Hevia, C and P A Neumeyer (2020), “A perfect storm: COVID-19 in emerging economies,” VoxEU.org, 21 April. https://voxeu.org/article/perfect-storm-covid-19-emerging-economies

IMF (2020), “The International Architecture for Resolving Sovereign Debt Involving Private-Sector Creditors—Recent Developments, Challenges, And Reform Options”, Policy Paper No. 2020/043.

Kroszner, R (1998), “Is it Better to Forgive Than Receive?

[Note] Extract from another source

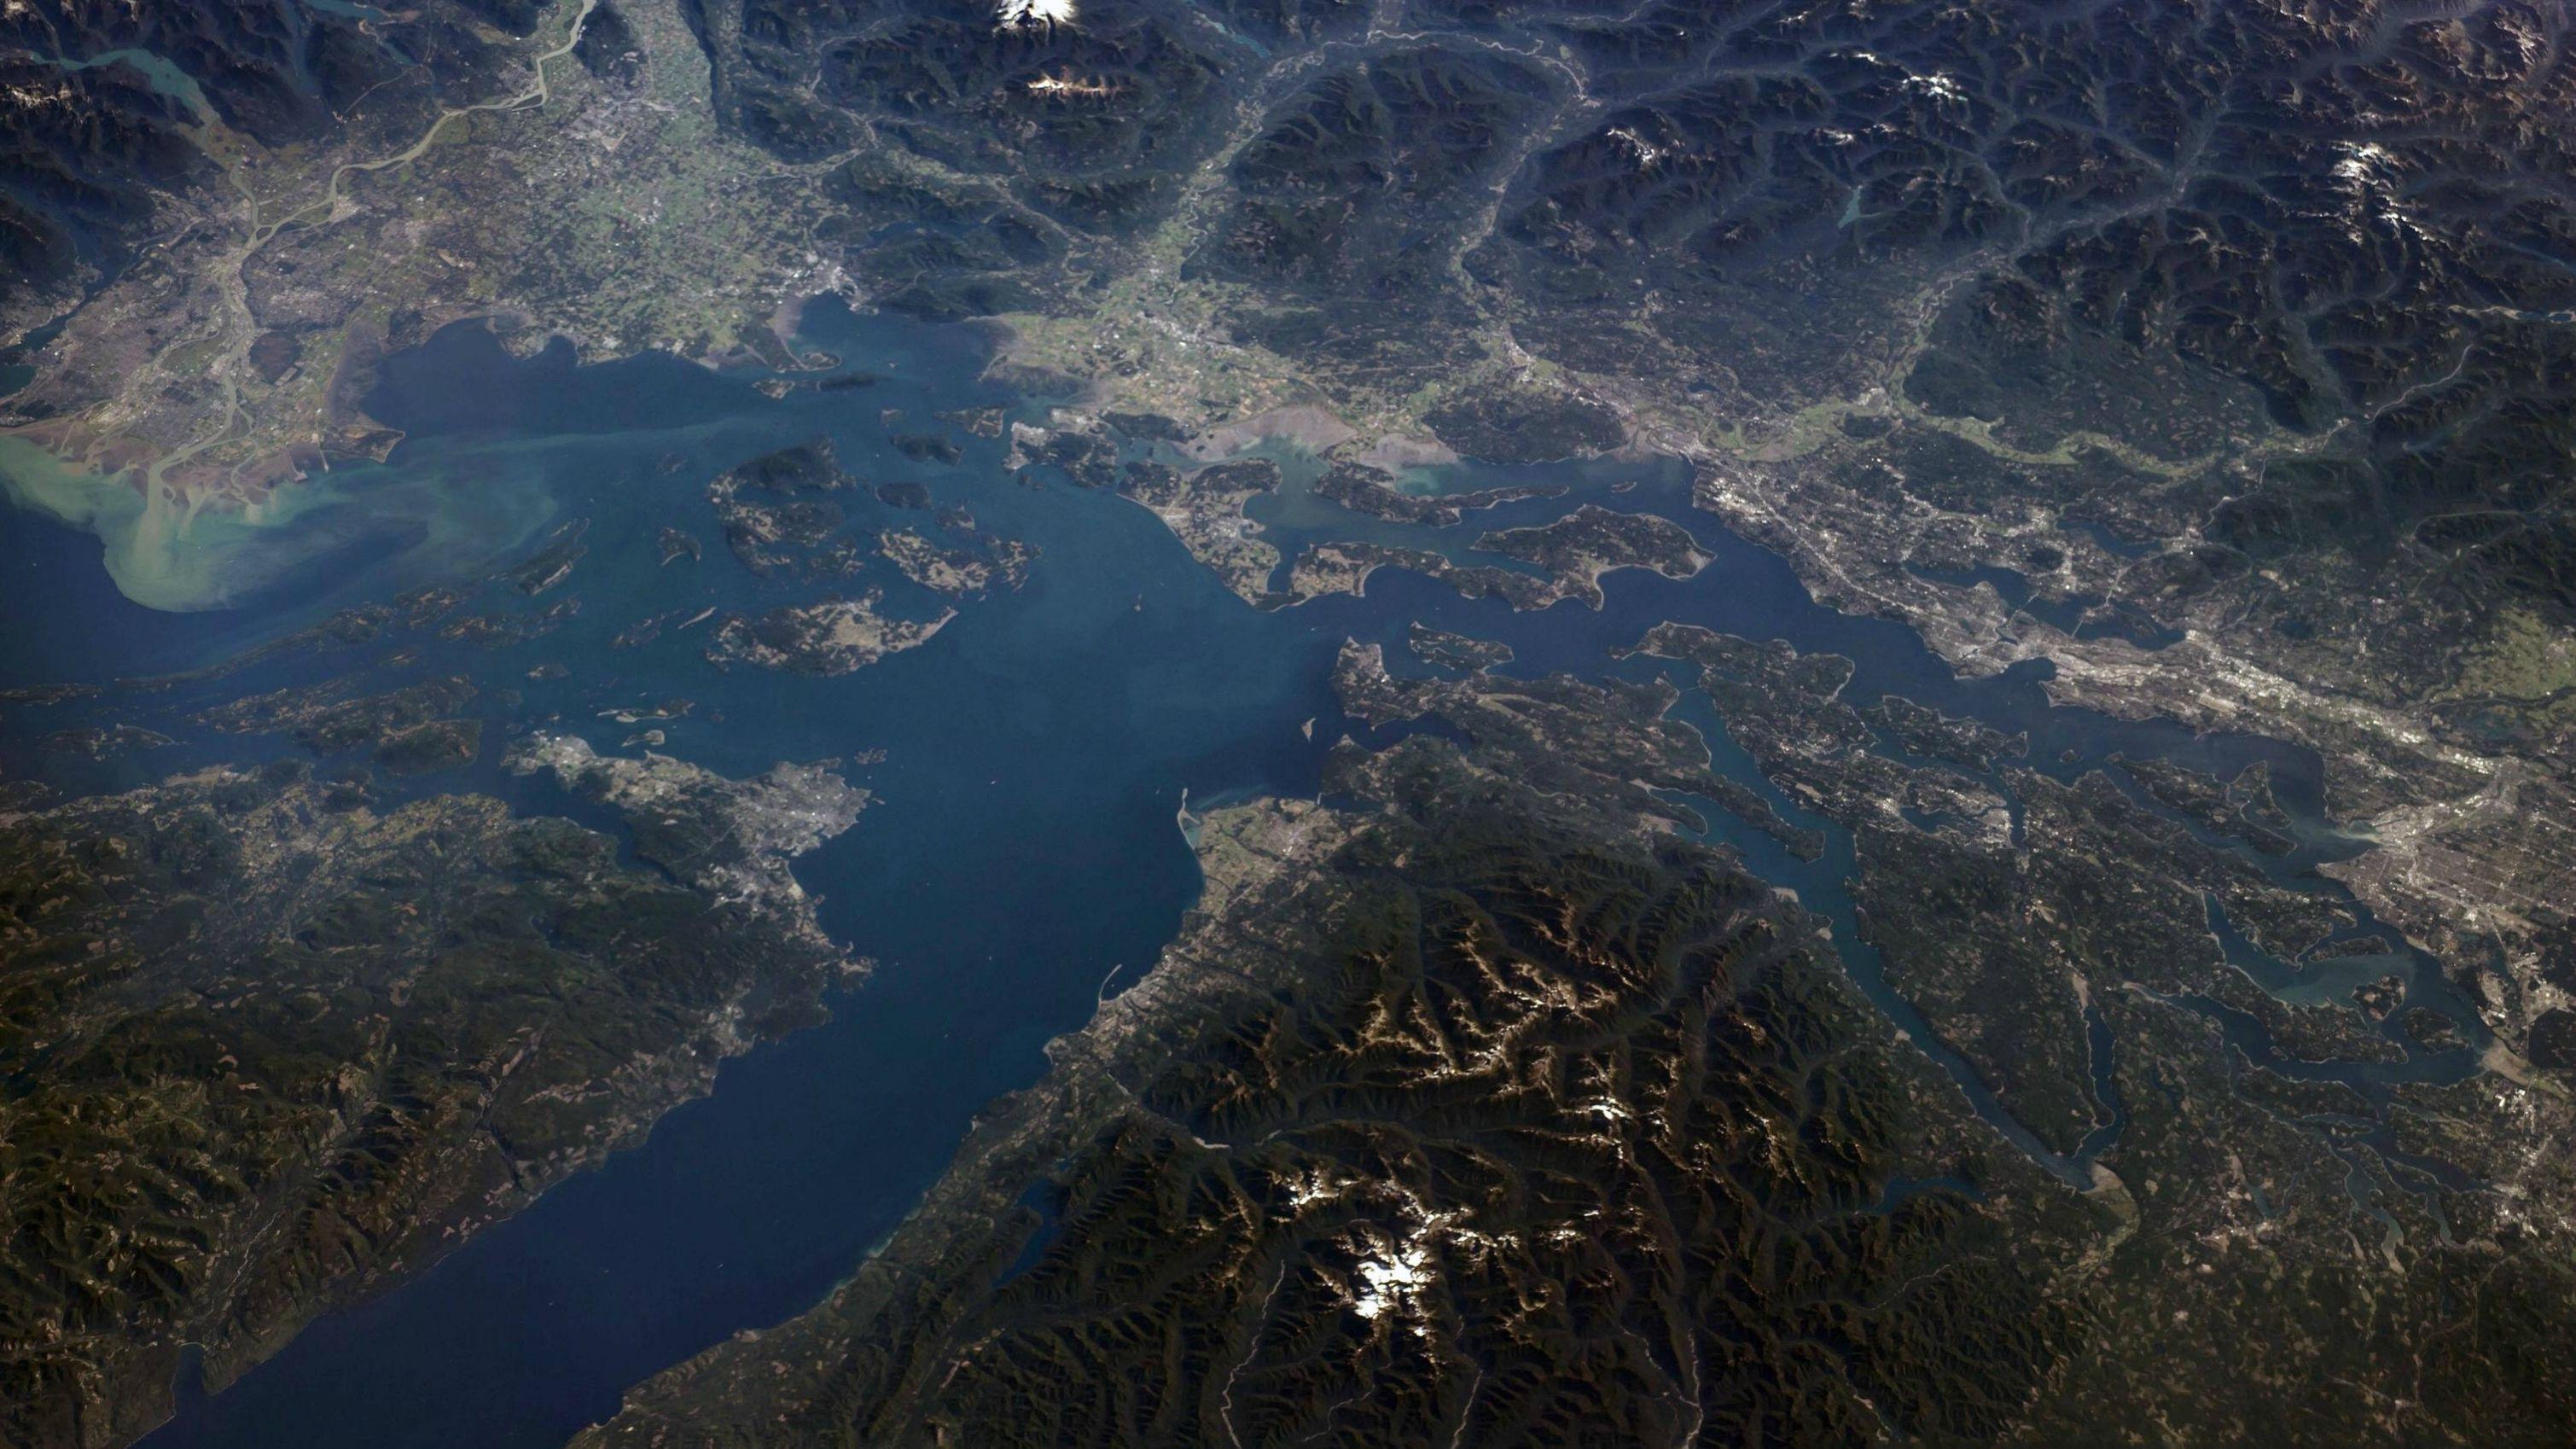 Снимки со спутника 2024 в реальном времени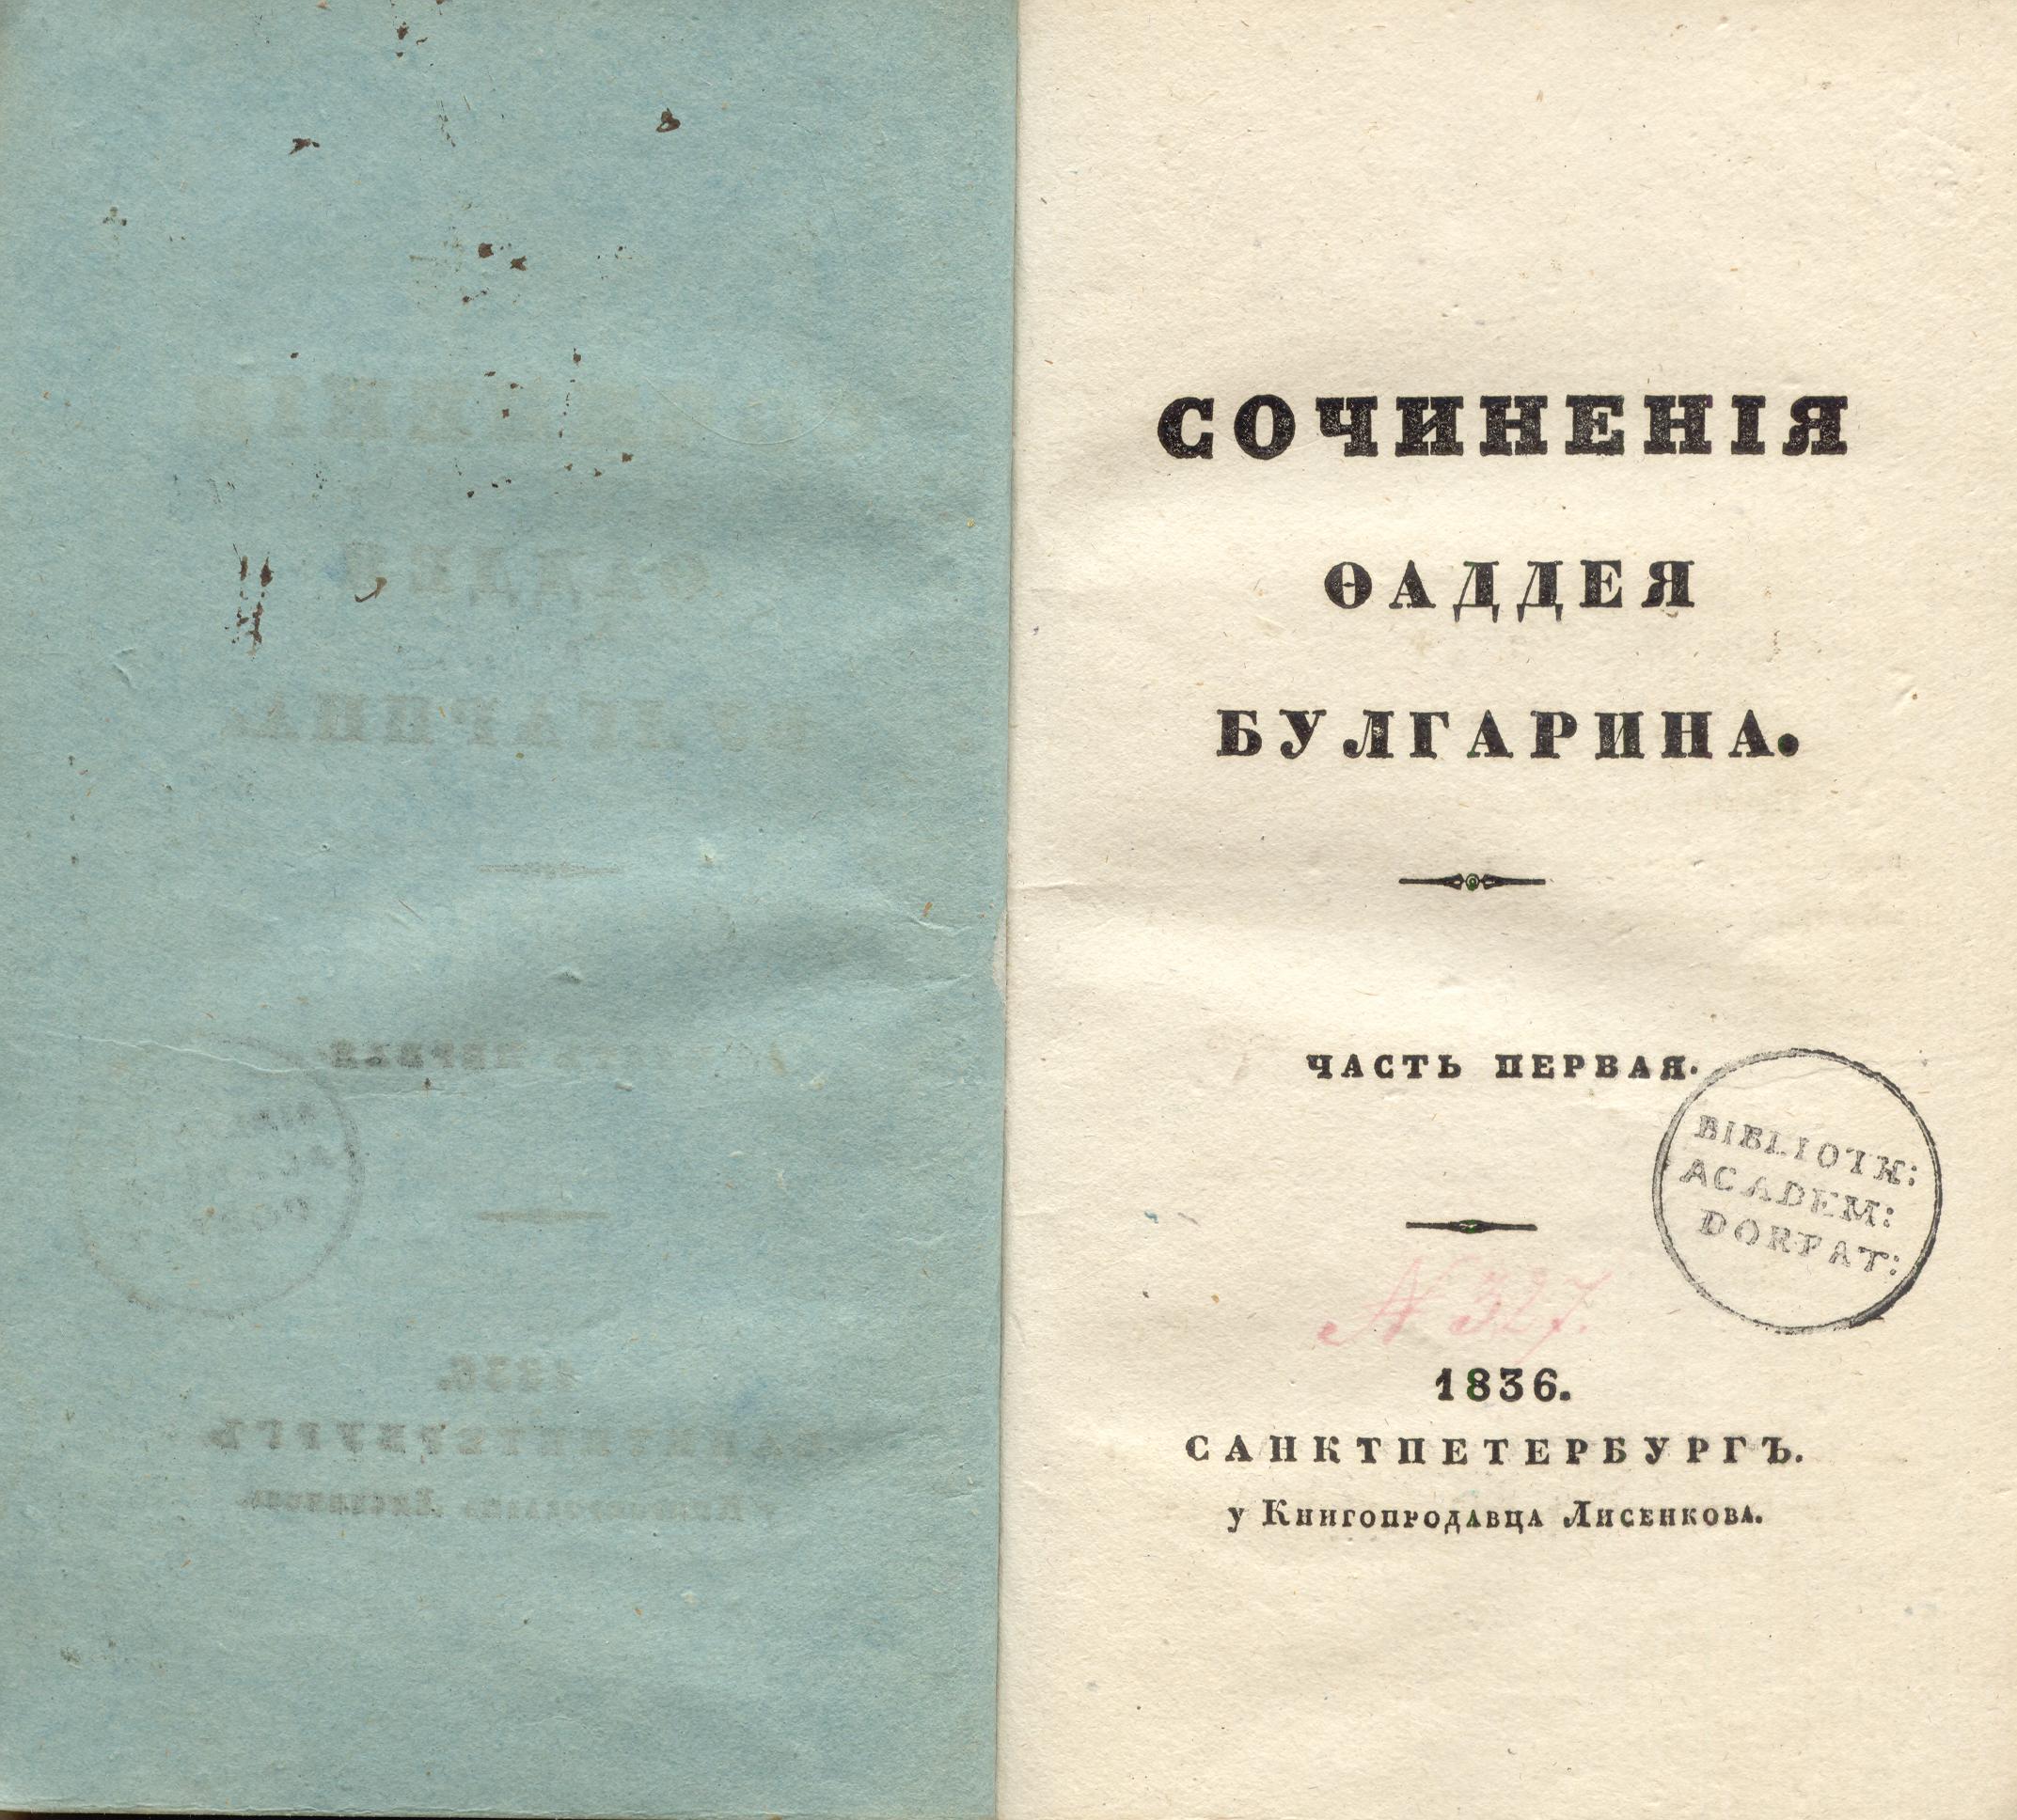 Сочиненія [1] (1836) | 2. Title page

Repudiation of the Gold Indexation Clause in Long-Term Debt During the Great Depression”, CRSP Working Paper 481.

Lang, V, D Mihalyi, and A Presbitero (2020) “Debt Relief, Liquidity Provision, and Sovereign Bond Spreads”.

Schnabel, I (2020), “The ECB’s Independence in Times of Mounting Public Debt”, ECB Interview. 

Weidemaier, M and M Gulati (2020) “Necessity and the Covid-19 Pandemic”, Capital Markets Law Journal 15: 277-283. 

Zettelmeyer, J, C Trebesch and M Gulati (2013), “The Greek Restructuring: An Autopsy”, Economic Policy 28: 513-563.

Endnotes

1 Note that we are interested in understanding whether the precedent set by the Greek decision would have negative spillover effects on neighboring countries that were perceived to be at risk of financial distress. We do not explore the immediate effect on Greece itself following the retrofit, because it is not possible to separate the direct effect of the retrofit itself from the underlying crisis that caused the intervention.